The demand for higher-quality products and new features delivered at breakneck speeds has the average engineer struggling just to stay afloat. With demands rising but resources not always following suit, engineering teams are embracing automation as a key testing option.
According to a report by advisory firm KPMG, test automation increased by 85 percent from 2015 to 2017 across all industries. Automation is one way to address this accelerated development schedule, but it can also introduce other problems. To ensure that doesn’t happen, there are four common pitfalls that engineering teams need to look out for.
Problem No. 1: Right Job, Wrong Tools
It’s tough to build a shed with a spatula and a sewing needle. Likewise, you can’t build a successful test automation suite if the tools used don’t fit your company’s testing strategy.
The solution: Pick the right framework for your suite.
The first question you need to ask yourself is: Should you build or buy your test automation framework? The answer likely depends on how mature your testing structure is. Smaller teams new to the technology typically are best-served starting with an off-the-shelf enterprise solution. This approach makes it easier to get up and running quickly, while having the support to handle software bugs along the way.
Larger, more mature testing teams may have more to gain from an open source automation framework. This cost-effective approach provides flexibility and customization, but often requires advanced technical expertise and the luxury of time to build such a solution.
Problem No. 2: Living Fast, Dying Young
Many automation projects never make it off the ground because teams move too fast and automate too much, too soon. Inserting automation into the delivery pipeline prematurely will cause workflow and build issues more often than not.
The solution: Build test automation into your pipeline incrementally.
It may be tempting to run full speed as soon as you are set up, but the truth is you need to take your time for developers to build confidence in the testing process. Once that confidence is established and you’re receiving valuable feedback, you will have the full team’s support as you continue to scale your automation strategy.
Problem No. 3: Automation Without Documentation
Automation can make testing easy. Sometimes too easy, to the point where engineers will simply kick back a failed test without looking into the reason it failed in the first place. Oftentimes, these failures are the result of an outdated testing script or an issue with the test environment, and not with the code at all.
The solution: Triage automation test results just like manual bugs.
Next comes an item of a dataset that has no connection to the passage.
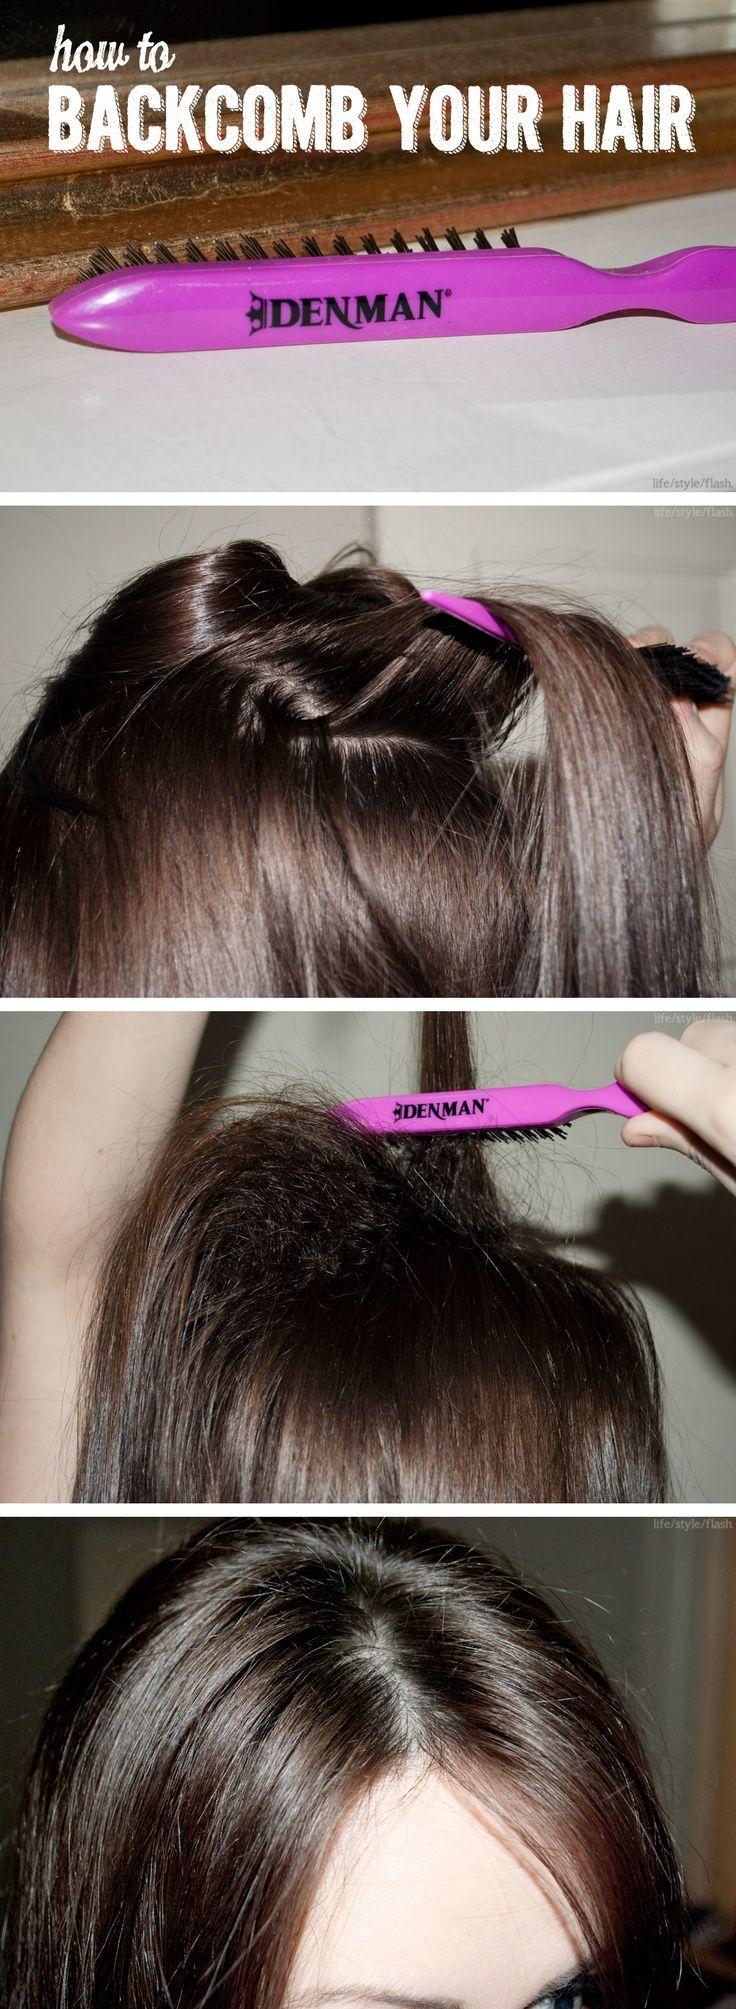 How To Back Comb Hair Comb Hair How To Backcomb Hair Hair Styles Teased Hair Tutorials

Instituting an intermediary triage stage will save your engineering team time in the long run. There’s no need to treat your processes for automation results any different than you would bugs found manually. Having access to materials such as activity logs and screenshots will only help to strengthen and speed the triage process.
Problem No. 4: Setting and Forgetting
Automation makes testing quicker and easier. That’s why you invested in it in the first place, right? Unfortunately, there is more to such solutions than just plugging them in and letting them run.
The solution: Take maintenance into account when building your framework.
Many teams are surprised by the maintenance required to keep test automation suites running smoothly and effectively. They shouldn’t be. Solutions need to be updated continually to address user interface changes, new operating systems and browsers, and automation library changes. The maintenance of third-party dependencies also needs to be considered before automation is used for production test runs.
Maintaining your automation suite is a continuous process. Make sure you have enough testing resources—either in-house, outsourced, crowdtesting or a combination of all three—to ensure your efforts don’t go to waste.
Measure Twice, Implement Once
Make no mistake, automation is more than a quick fix. If you are going to spend the time and money necessary to build a successful strategy, you should make sure to set yourself up with a solid foundation. A framework that is thrown together within days but falls apart in hours will only serve to make automation seem like an unpalatable solution within your testing department. Having the right partners in place and the right solution from the start will help automation become a reality in your company, and can bring the promises of speed and flexibility to life.